Hello. I'm new to Bioinformatics working on NGS data. Now I'm working on detecting SNP variants causing multiple sclerosis.
I selected some genes for target resequencing and got NGS data. I put these datas into Qiagen's NGS variant calling pipeline and got vcf files for each samples.
I checked them and realized that these vcf files contain very low variant minor allele frequency(VMF) SNPs. I want to deal with germline variants, so I'm trying to filter these low VMF variants.
I'm using vcftools but I can't solve this problem... I know I have to study more but time is running out so is there any kind person who could help me please...? Thank you.
If you have per-sample VCFs, the only possible minor AF values for bi-allelic variant loci are 0.5 and 1. What do you mean by "very low minor allele frequency"?
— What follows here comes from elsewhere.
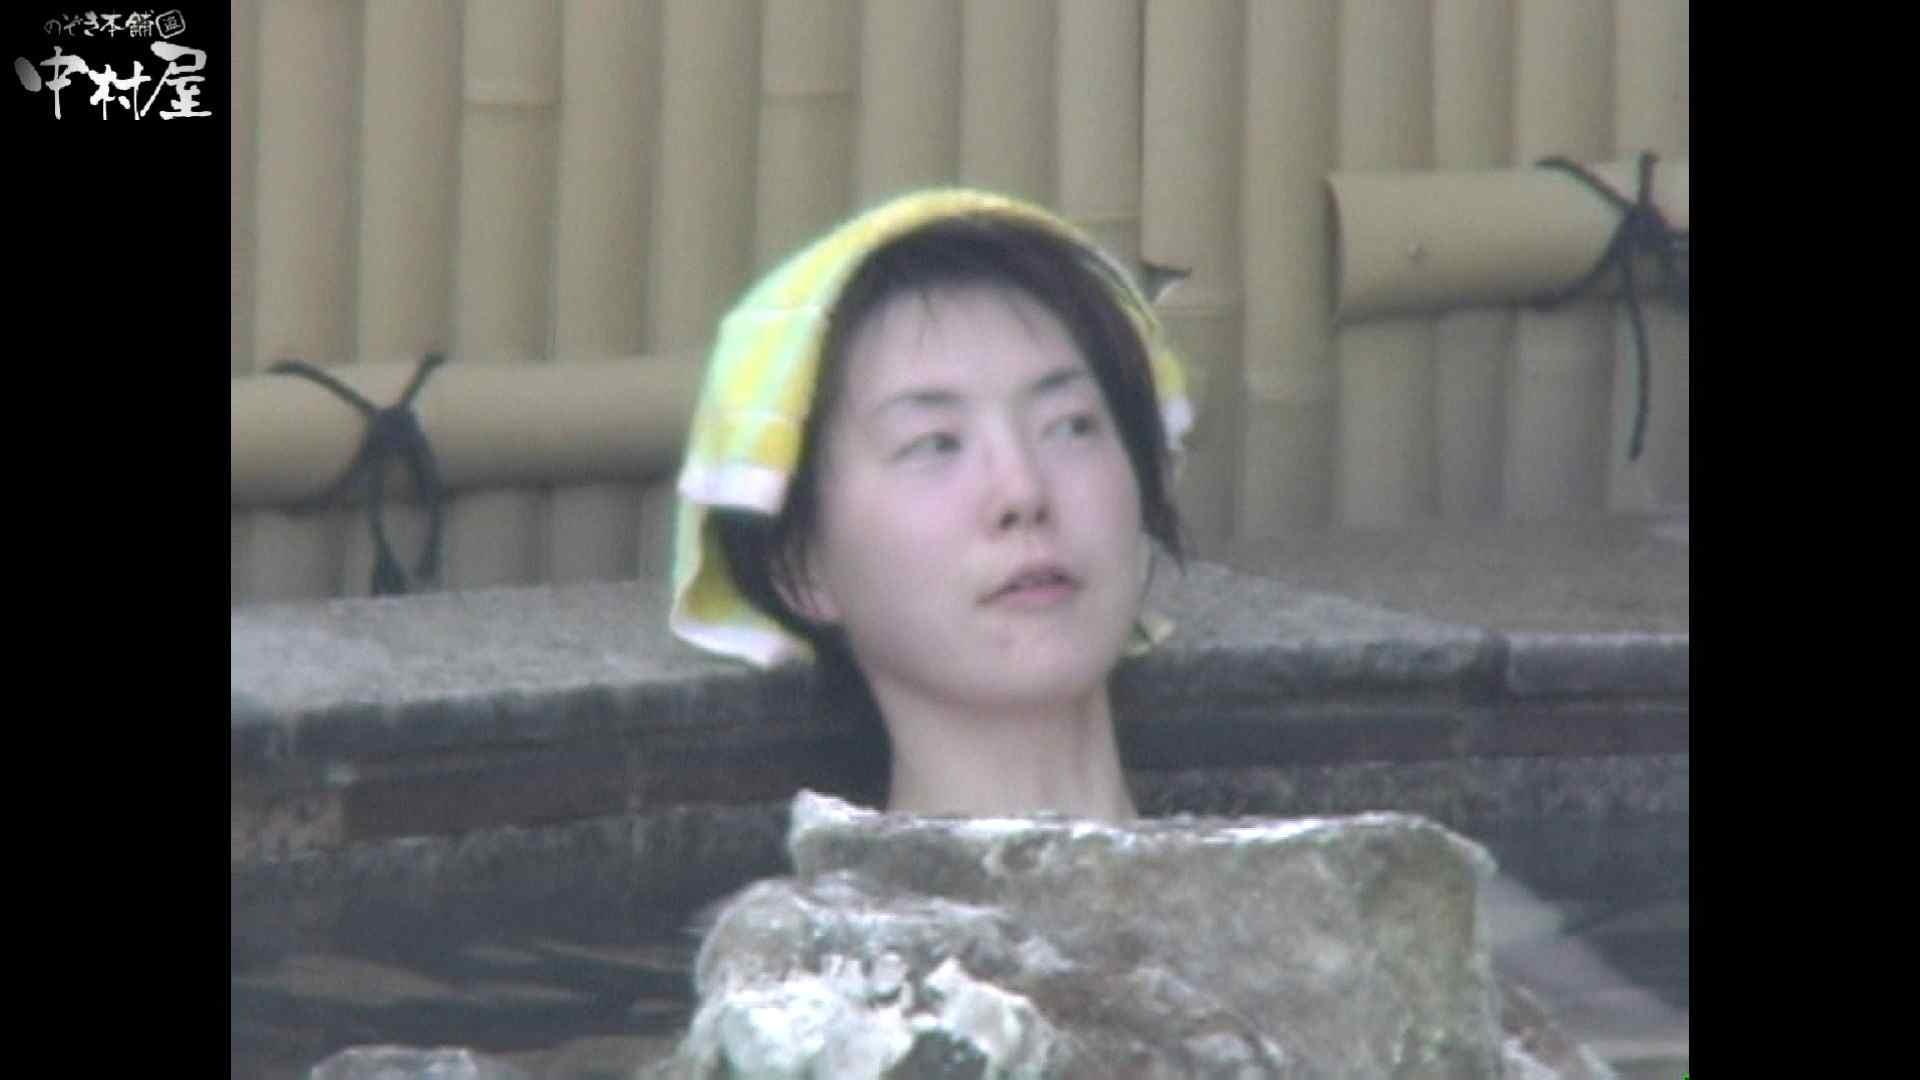 Aquaな露天風呂Vol.938 露天 濡れ場動画紹介 111pic 59
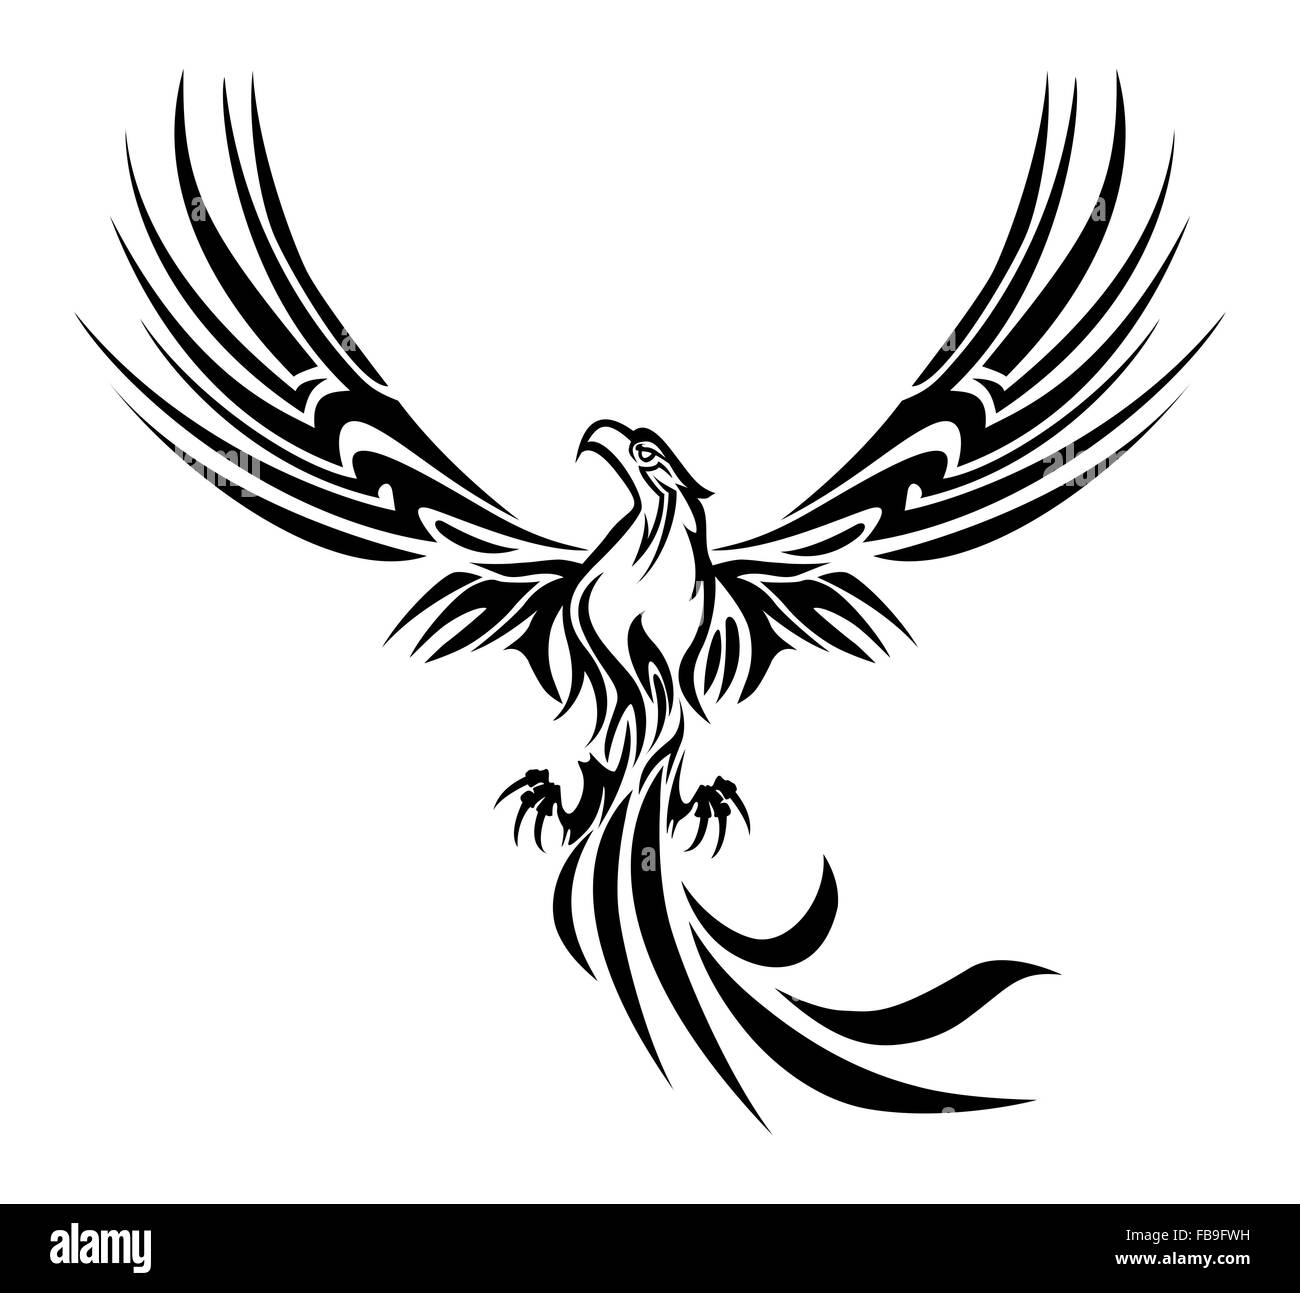 Phoenix Bird Tattoo Imágenes De Stock Phoenix Bird Tattoo Fotos De

Thank you for your comment! I think what you said is the right for germline variant, but here is my vcf file example, my variant contains very low VMF/VF.(0.0740741). Does this mean somatic variant?? In FORMAT, VF is defined as "Variant UMI allele frequency, same as VMF," so I thought I have to eliminate this variant. Am I right?
You did not mention UMIs at all in your initial post - I think UMIs are only involved in single cell sequencing, and I don't really know single cell technologies. Maybe experts on the technology can chime in.